_Activity_. Only the lines below from the one containing "French Provincial Antique" through the last line should be set down, exactly as written and with no pictures.

_Data below_.
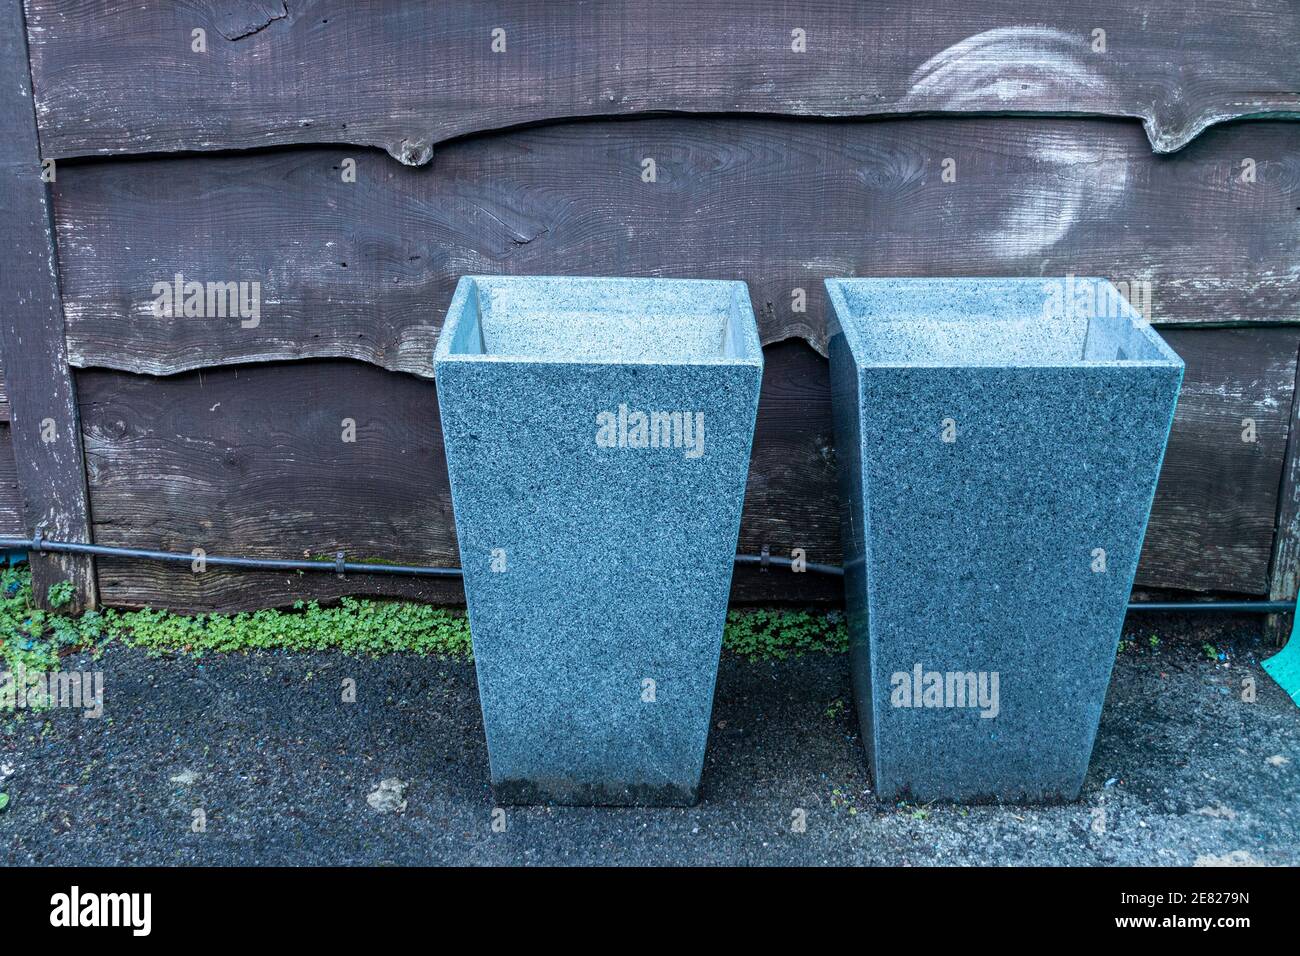 a close up view of two granite plant pots sitting new to a wooden fence Stock Photo
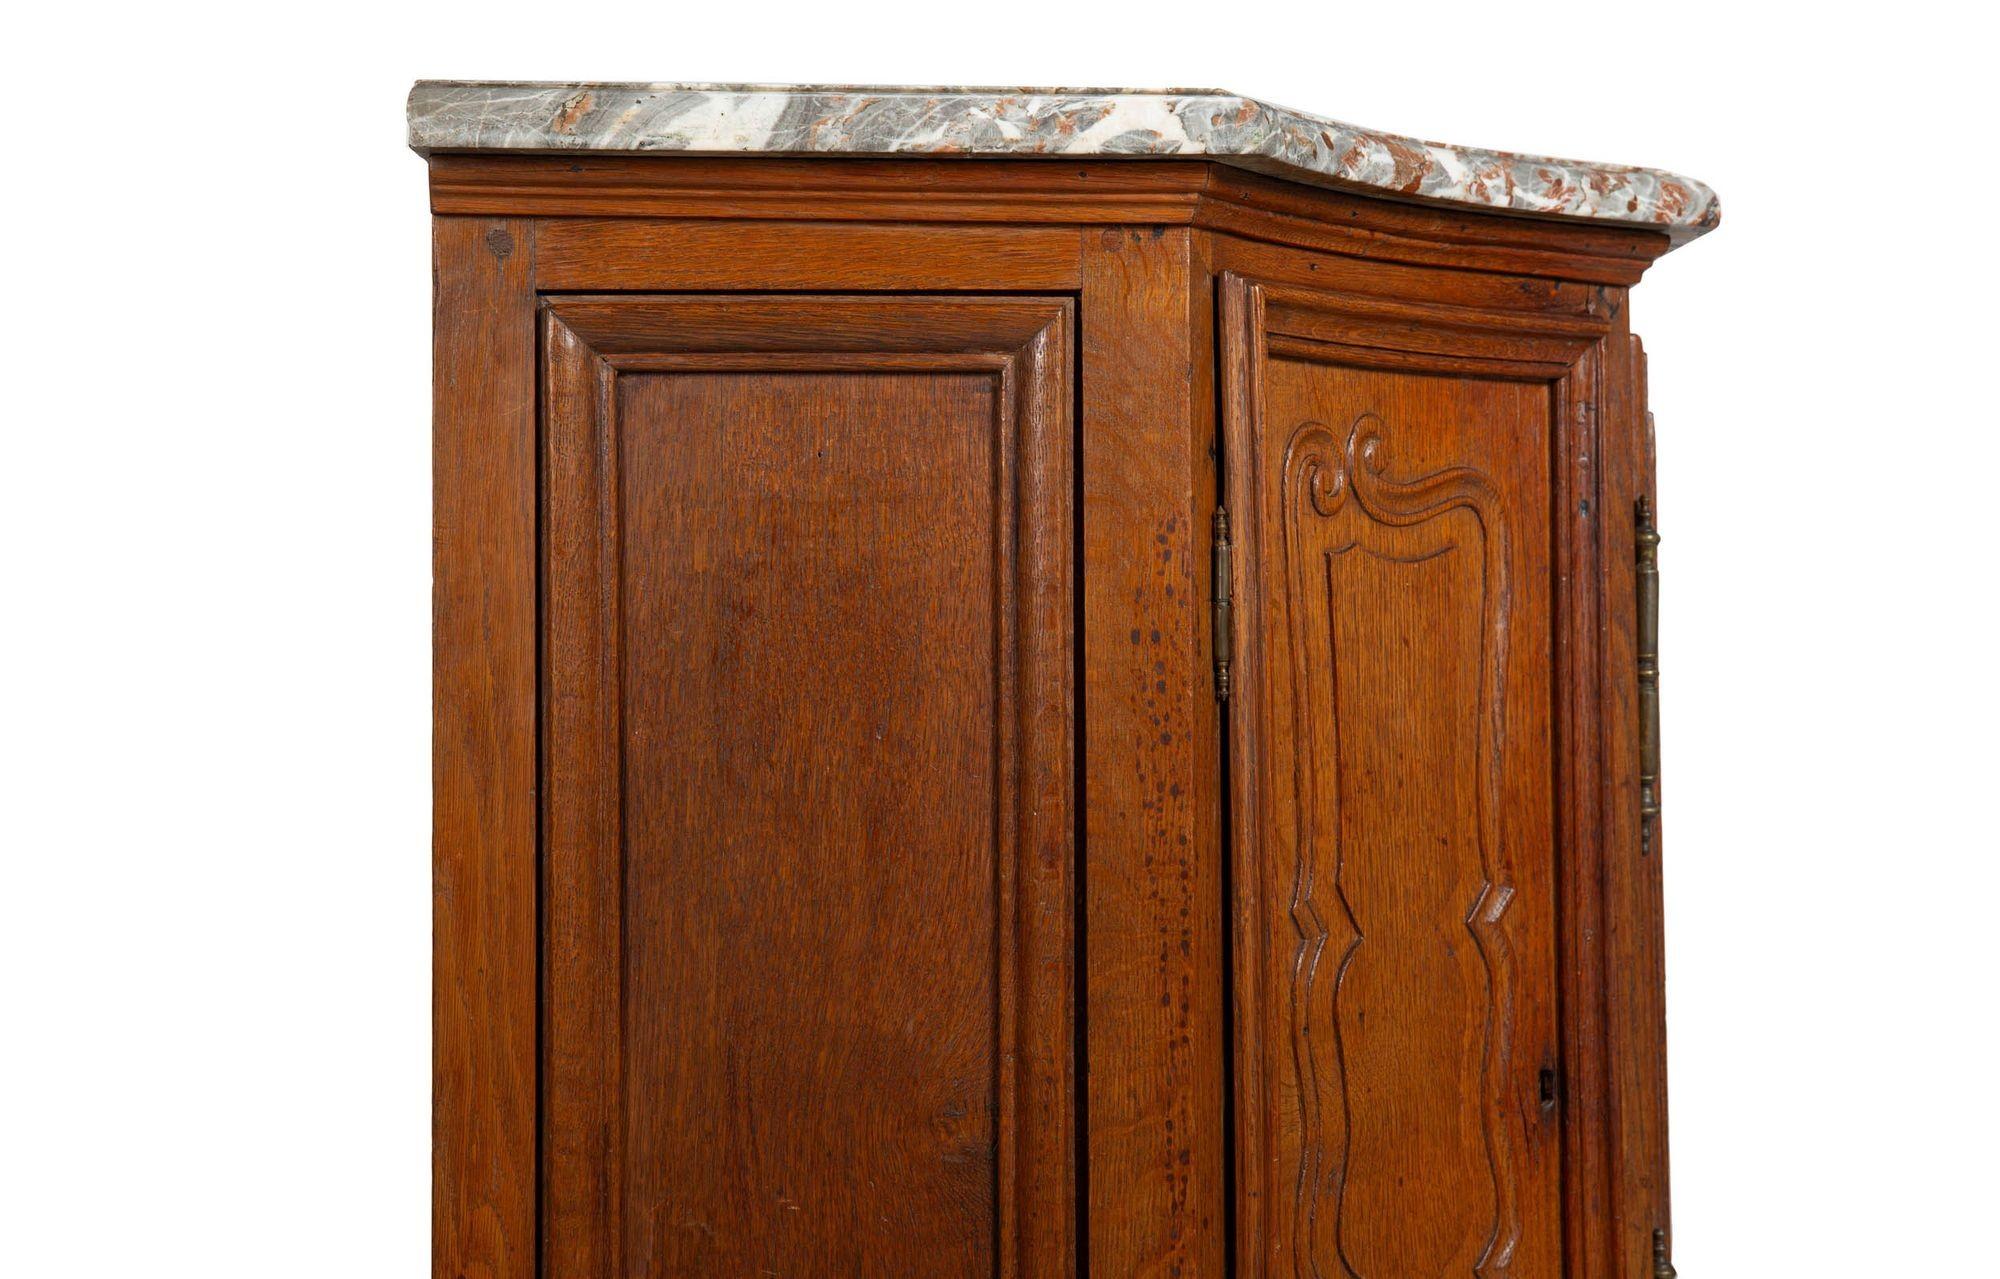 French Provincial Antique Oak and Marble Buffet Sideboard Cabinet ca. 1880 For Sale 5
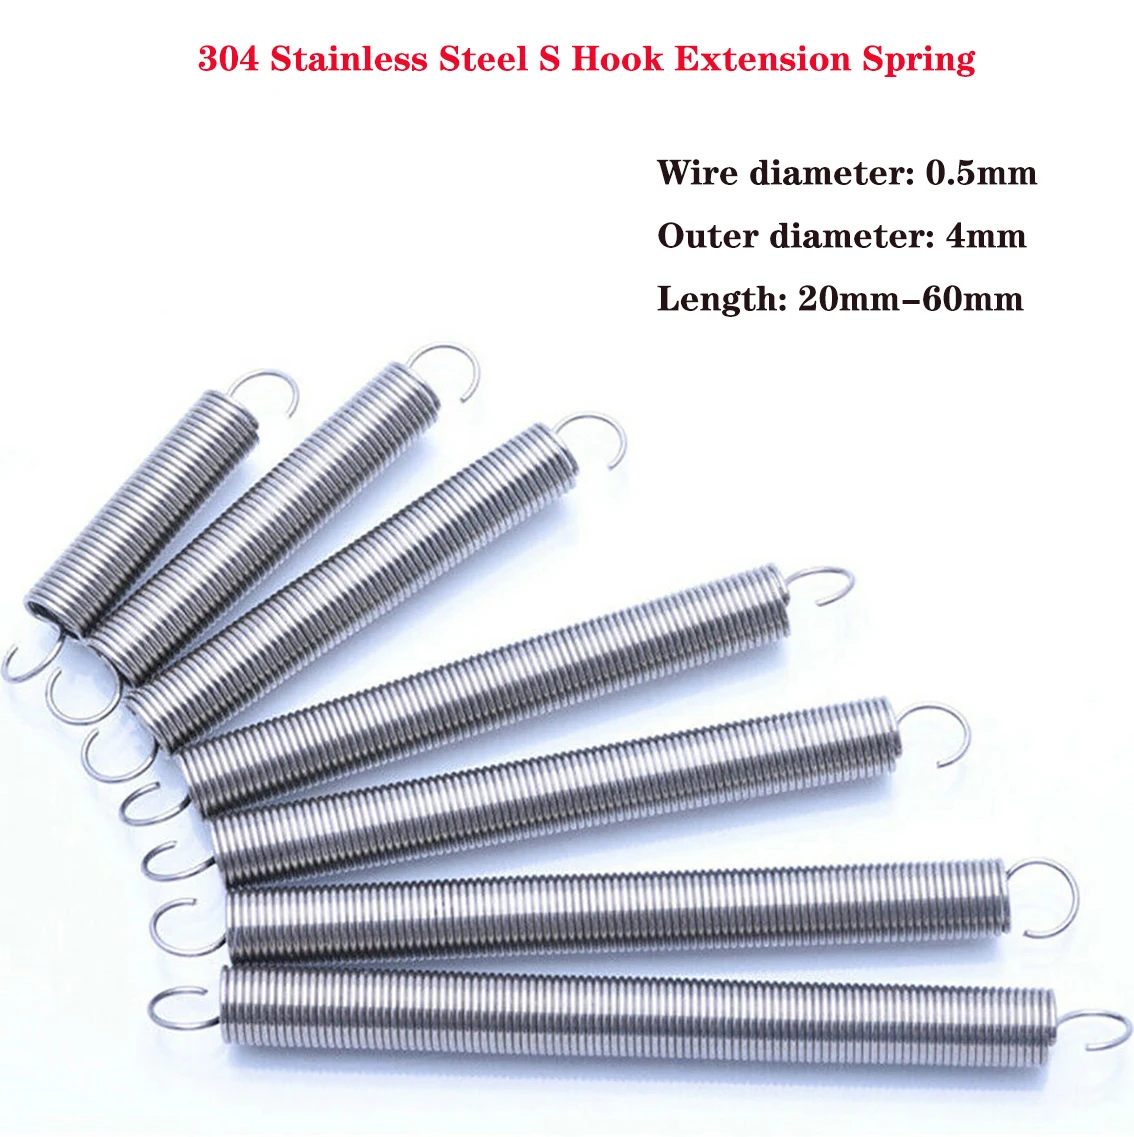 

10Pcs Wire Dia 0.5mm S Hook Extension Spring 304 Stainless Steel Cylindroid Helical Pullback Tension Coil Spring Length 20-60mm
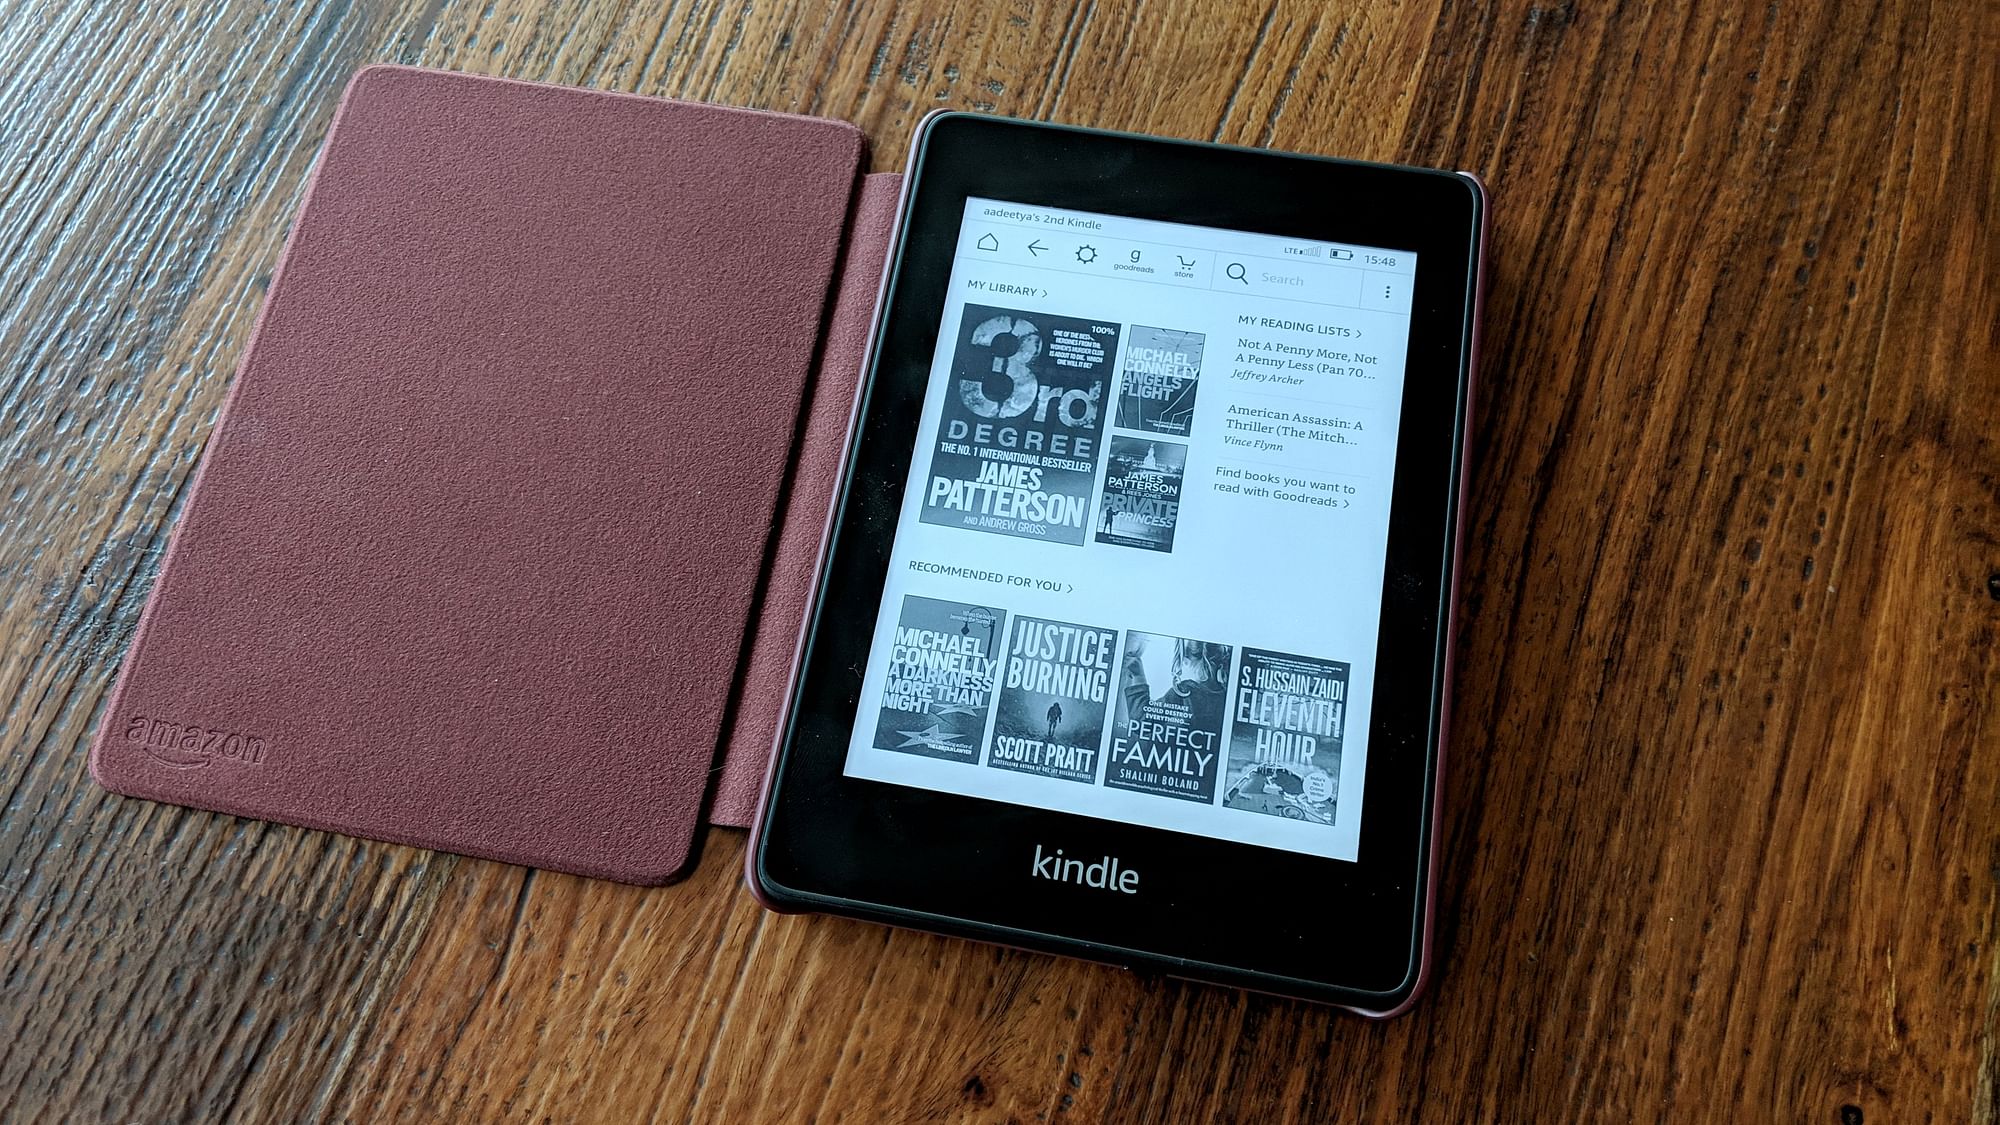 Kindle Paperwhite 4G from Amazon gets new features.

_Your response_.
 French Provincial Antique Oak and Marble Buffet Sideboard Cabinet ca. 1880 For Sale 5

10Pcs Wire Dia 0.5mm S Hook Extension Spring 304 Stainless Steel Cylindroid Helical Pullback Tension Coil Spring Length 20-60mm
 Kindle Paperwhite 4G from Amazon gets new features.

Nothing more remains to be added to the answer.